>>>

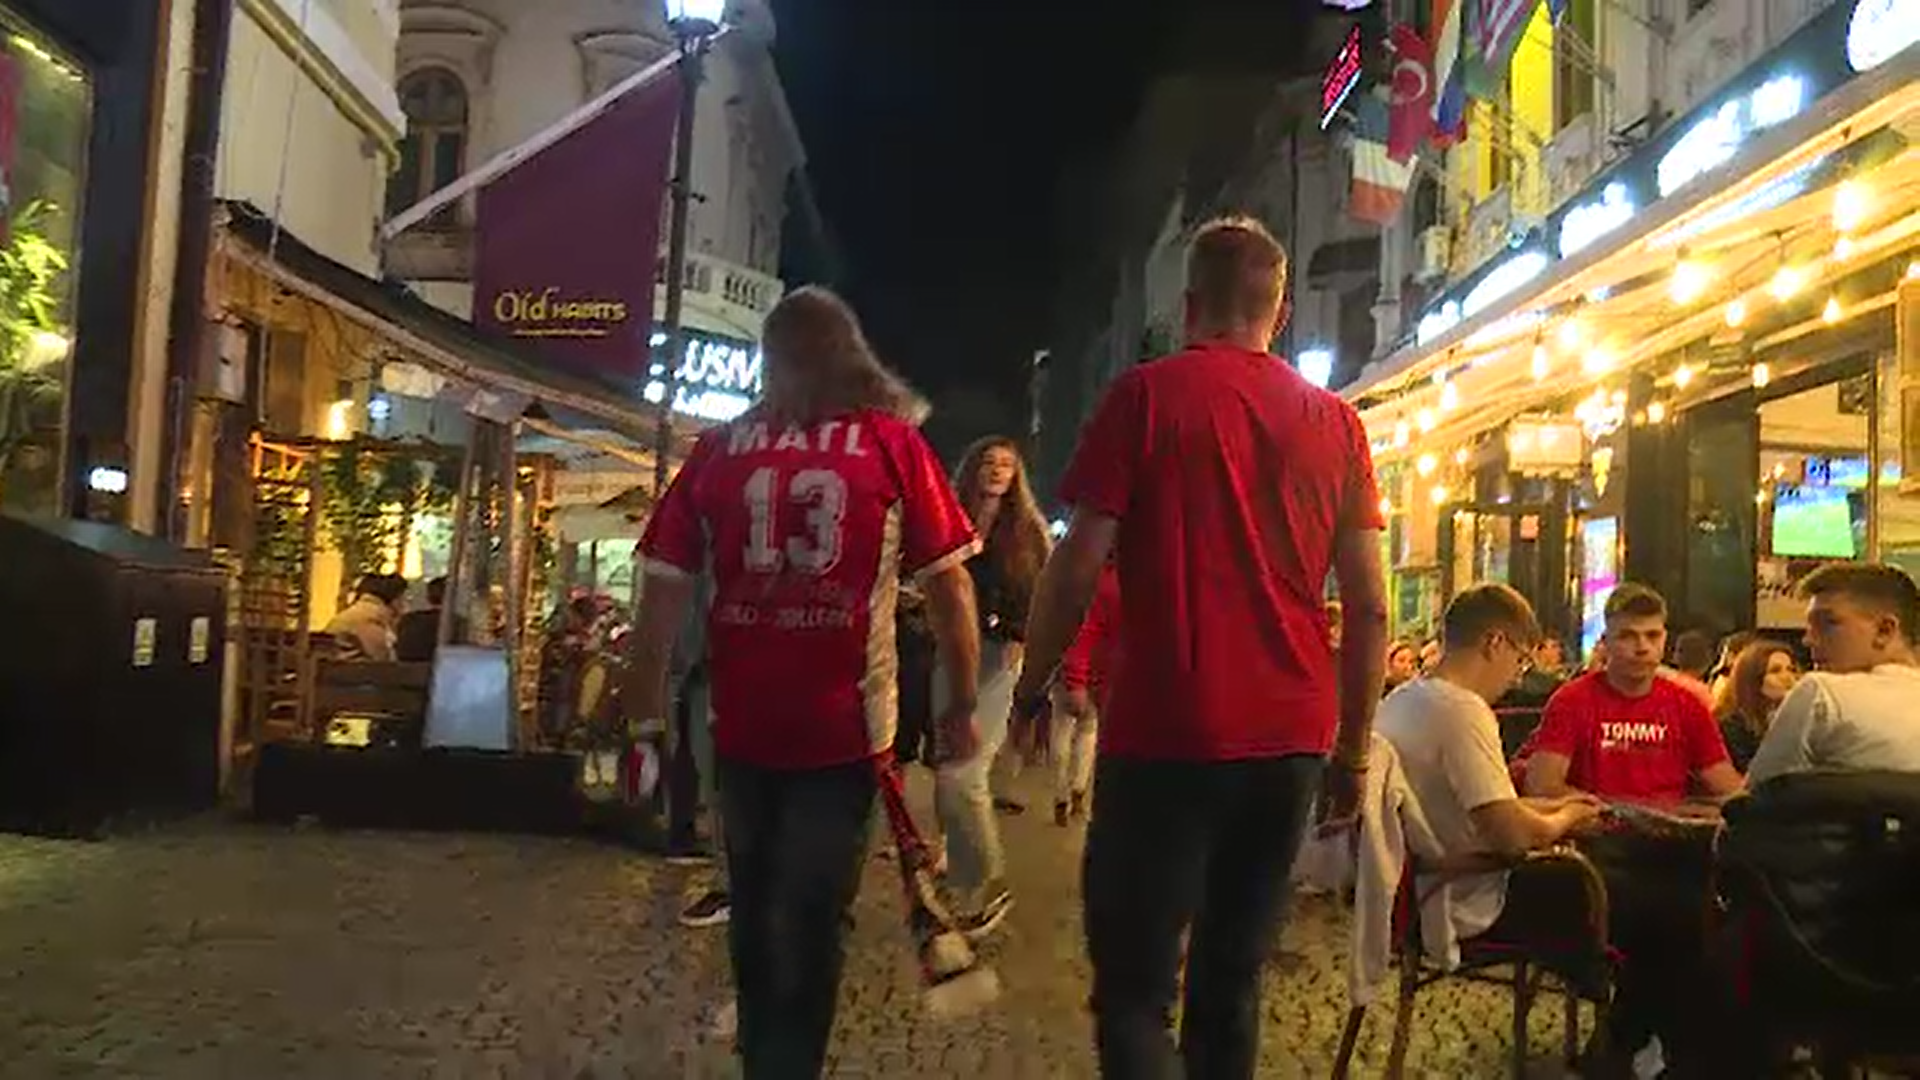 EURO 2020. Suporterii străini, încântați de Centrul Vechi: ”Minunată viața de noapte, bere bună”
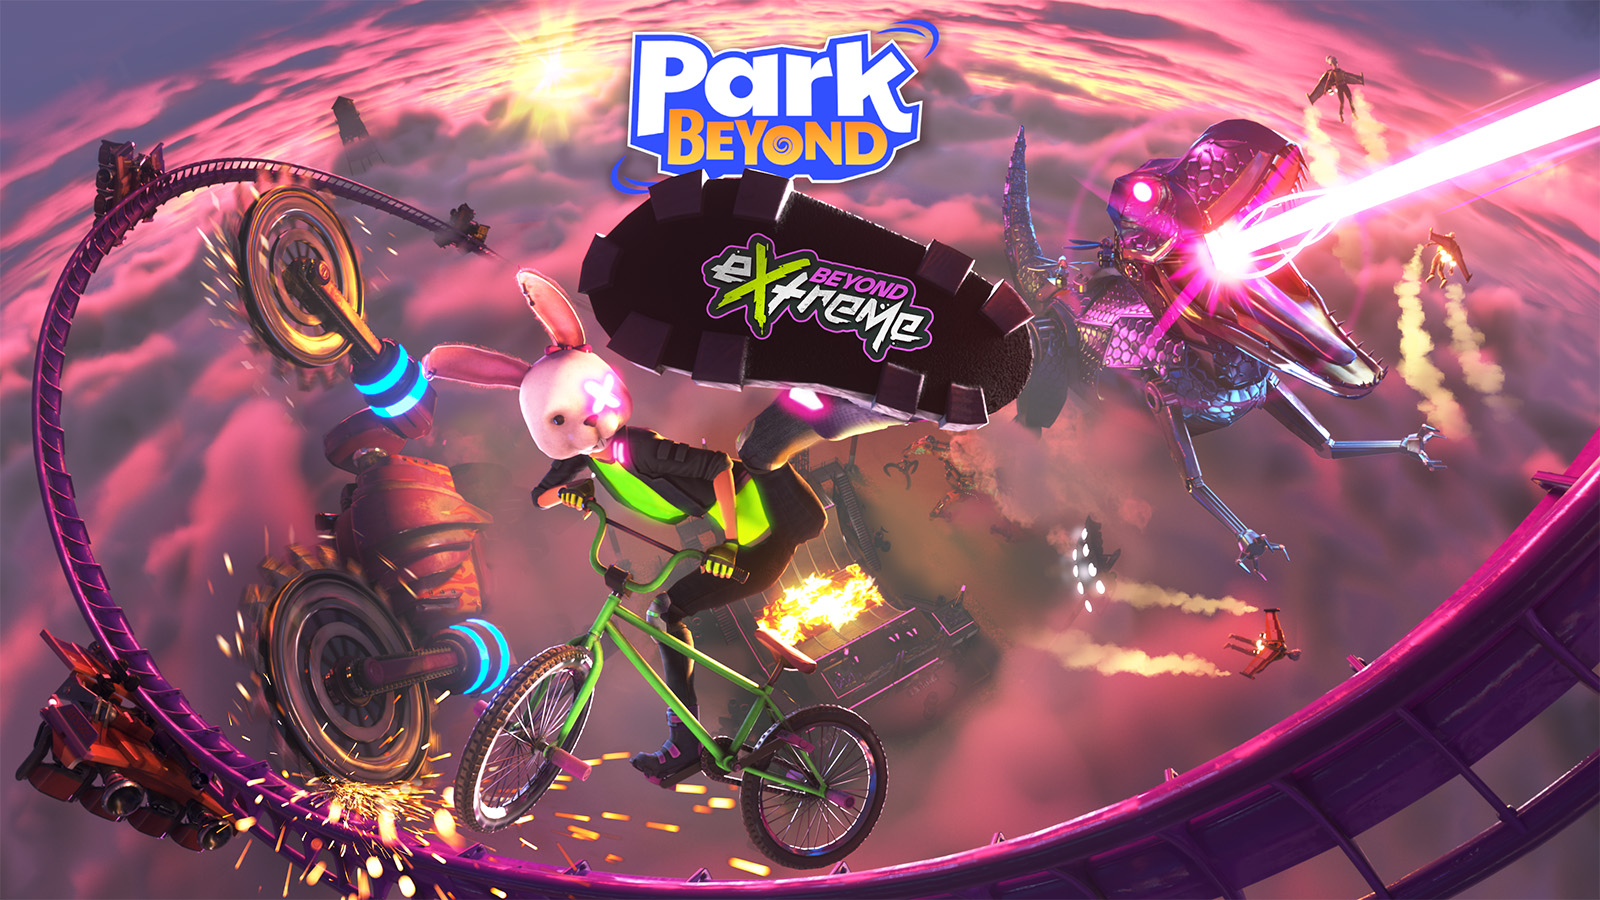 Park Beyond - Beyond eXtreme DLC
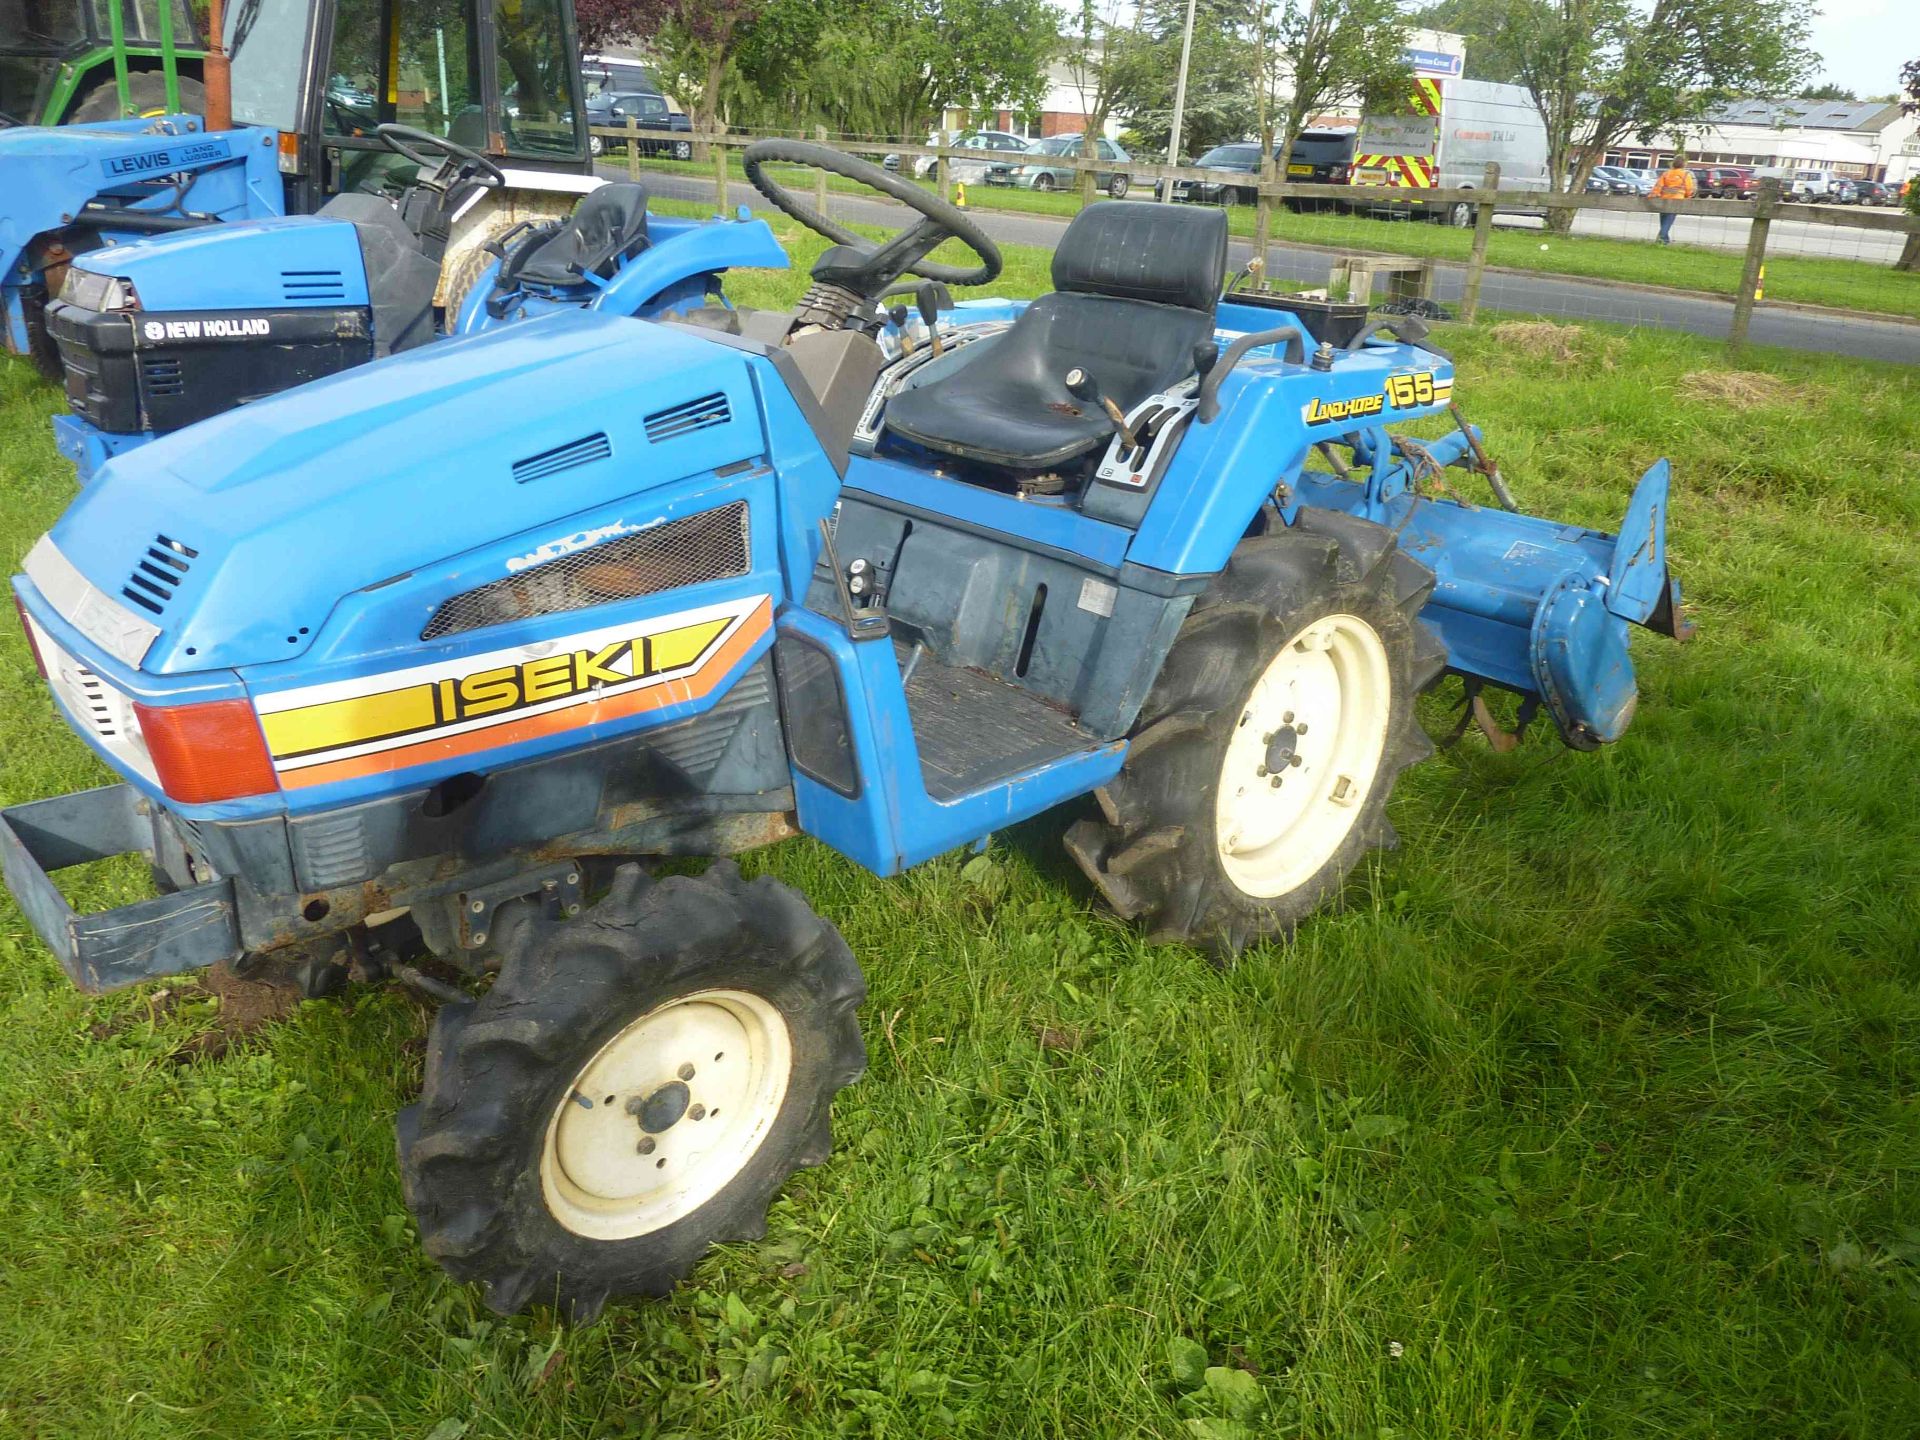 5254 Iseki TU155 4wd tractor

<<<

Everything in the listing above must be retyped exactly, except for the pictures.

* [Solution to the problem]
 EURO 2020. Suporterii străini, încântați de Centrul Vechi: ”Minunată viața de noapte, bere bună”
 Park Beyond - Beyond eXtreme DLC
 5254 Iseki TU155 4wd tractor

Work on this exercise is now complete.